The STD plan, however, was not governed by the ERISA. The Fourth Circuit had to ascertain the appropriate standard for judicial review of a plan administrator’s benefits determination under the present STD plan. The Court held that the STD plan did not confer discretionary decision-making authority on the plan administrator, and that, therefore, the district court erred in reviewing the plan administrator’s denial of Cosey’s STD benefits claim under an abuse-of-discretion standard. The Court agreed with Cosey that the “satisfactory proof” language in the STD plan is the functional equivalent of the language held ambiguous in Gallagher.

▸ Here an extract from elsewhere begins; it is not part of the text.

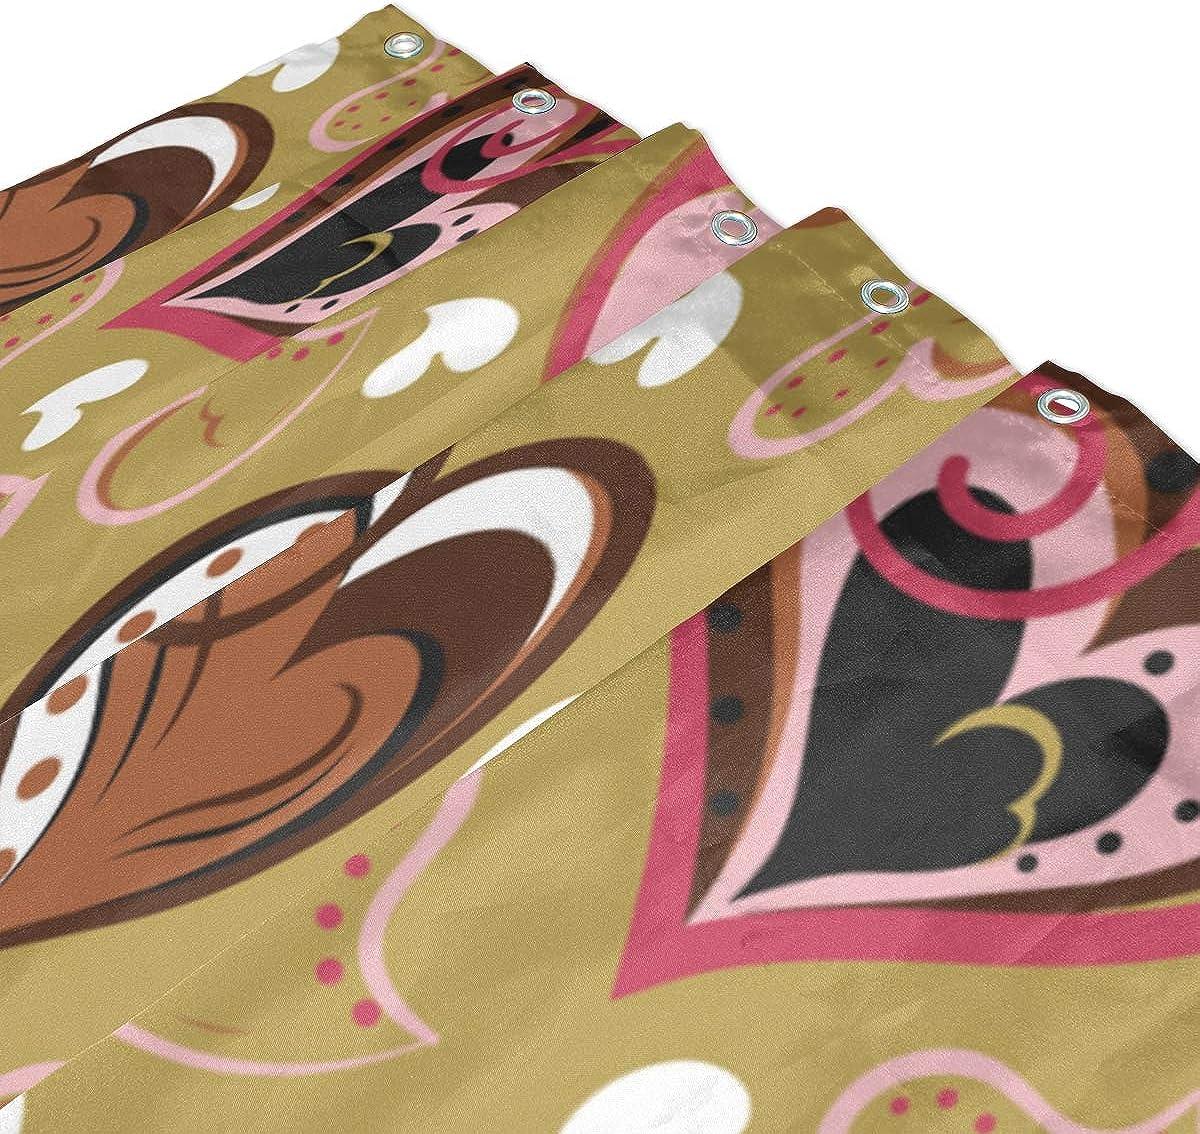 Abstract Digital Art Digital Painting Design Unique Custom Outdoor Shoulders Bag Fabric Backpack Multipurpose Daypacks For Adult

Therefore, the Fourth Circuit agreed with Cosey that the district court’s use of an incorrect standard of review, and the court’s erroneous view that both benefits plans required Cosey to present objective evidence of her disability, mandates reversal of the summary judgment award. Neither the LTD nor the STD plans provided that a claimant’s submission of proof were required to contain an “objective component.” Therefore, the Fourth Circuit held that the district court erred in concluding that Prudential could deny Cosey’s STD and LTD claims on the basis that her proof lacked such objective evidence.